Erm ... I liked it, overall. It's not bad at all, but as someone else pointed out, it feels nowhere near as substantial as you'd expect from a writer like Moore. Now I think of it, a lot of Moore's graphic novels feature similar divergences into kind of irrelevant subplots that never really go anywhere, but I think it's more forgivable in that format. Perhaps because something like From Hell would take an average person a week or so to read with plenty of breathing room to reflect on it all, whereas in a two hour film designed to be watched in one sitting, you really do want everything to feel purposeful.
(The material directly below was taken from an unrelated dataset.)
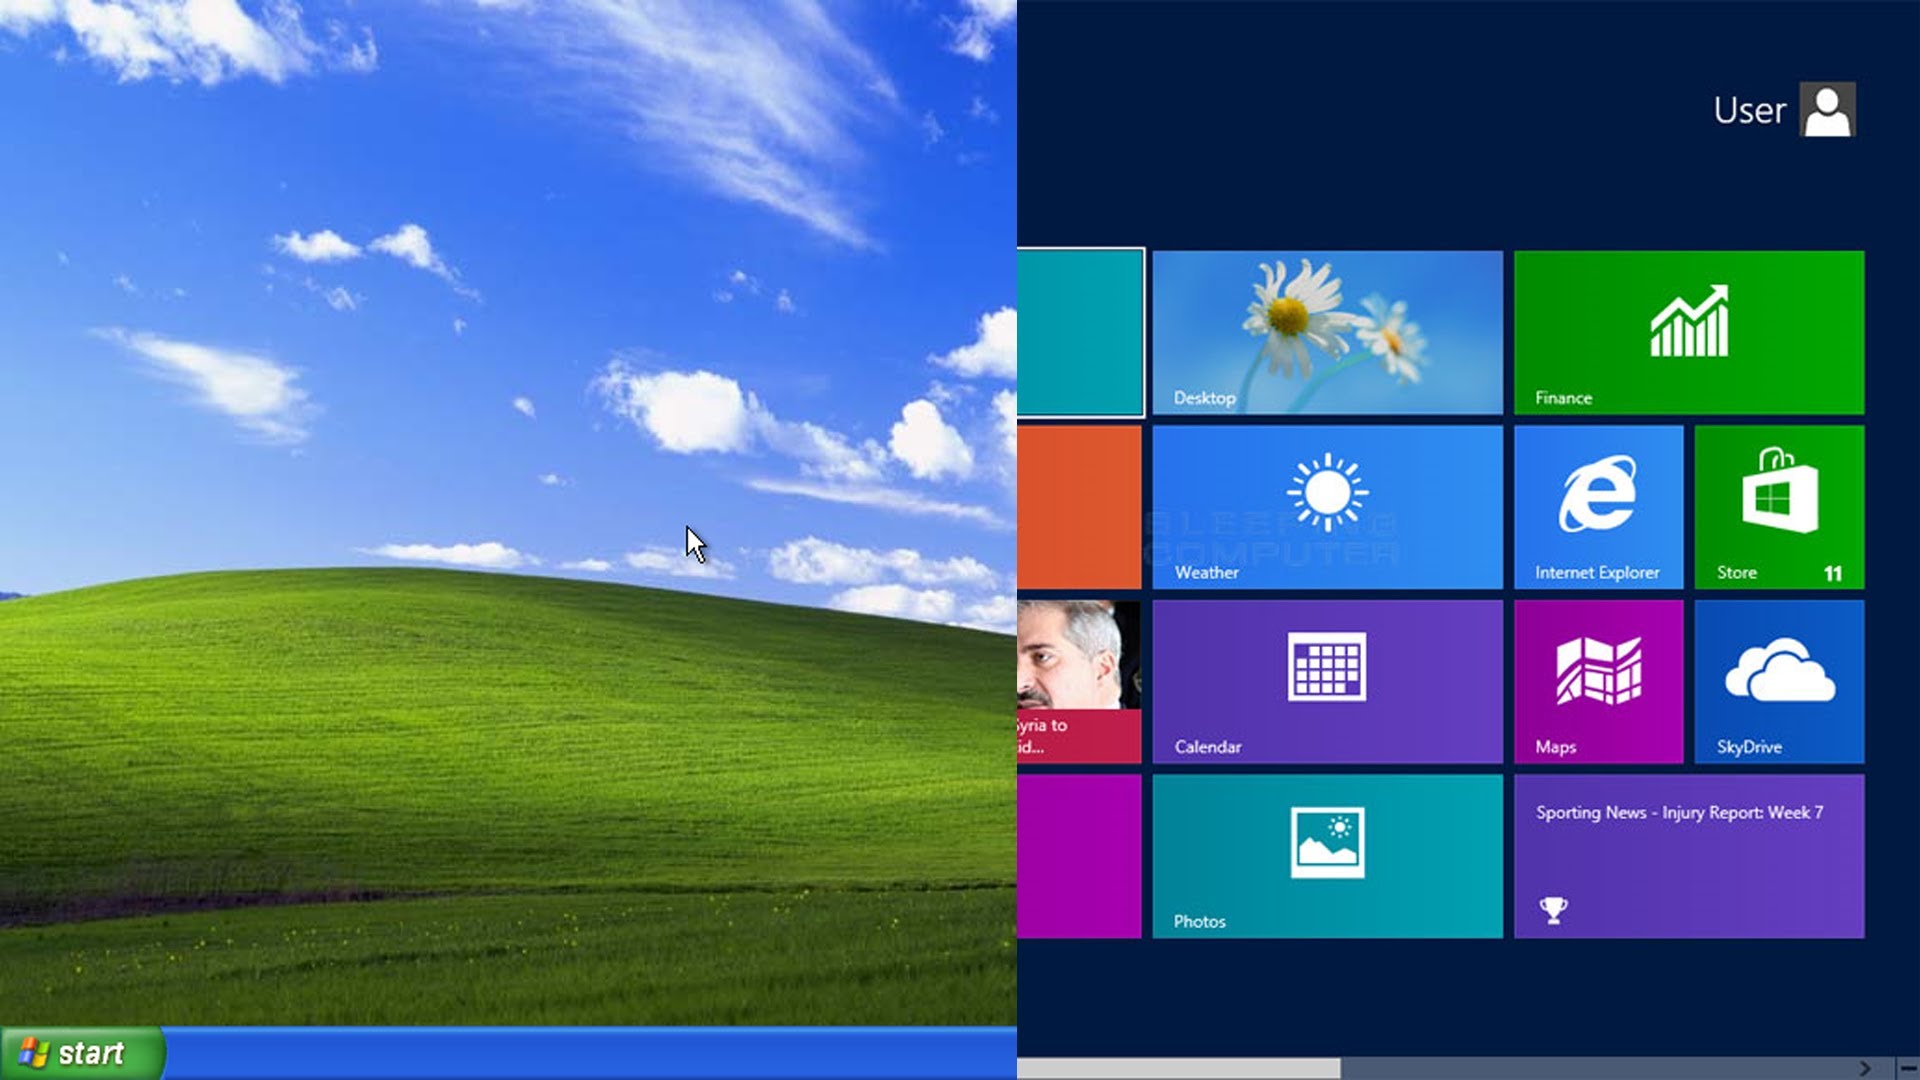 Windows XP HD wallpapers, Desktop wallpaper - most viewed

It might have been less of an issue if some of those sort of tangential sequences were really interesting in and of themselves, but bits like the singer who dresses like Hitler felt like something that would've been scrapped from Nathan Barley. Conversely, I really liked the Voodoo drug dealer, felt like there was something good in there, but then it was just gone for the rest of the film. Same with the flatmates; very well-observed characters (especially the stand-up, of whom I've met about a dozen) who were there for a lot of it but ultimately served no purpose. I didn't really like the kid detectives thing, felt like something out of a not-very-good sketch show. I'd also argue that having that kind of surrealism in the "waking" parts of the film made the eventual depiction of the "dream world" far less effective.

Moore himself was fantastic, I thought. It really surprised me how good that scene was, and I wish there had been more of that character (although they were probably wise not to let him outstay his welcome). Tom Burke was solid as the protagonist, but the reveal of him being Dennis The Menace was ... I dunno. I can't draw any interesting parallel between his depiction in this and the original character so it felt a bit worthless, which is disappointing given how well Moore has played with pre-existing characters before.

Watching Show Pieces afterwards ... I'm not sure if I would've liked it more if I'd seen it on its own merits, but I found what it was quite dull. Too blatantly Twin Peaksy (you can't use abundant red curtains in a "weird lounge" and get away with it), and the final bit where he's being tortured by Mr. Jolly went on forever. A couple of nice little moments or ideas in there, but ultimately a bit embarrassing and student filmy.

Them's my takes. I might change them. I wouldn't be opposed to seeing more from this universe, but I get the impression that it hadn't all been properly thought through.

Mister Six

I was mildly astonished to learn that the cast from this aren't all amateurs. I think it shows how important a good director is to getting quality performances out of some people. It was only Moxie from Auf Wiedersehen Pet who really sold it. Well, and Alan Moore, but Moore had the advantage of understanding the exact tone of the thing, whereas the cast all seemed to be floundering to a greater or lesser extent.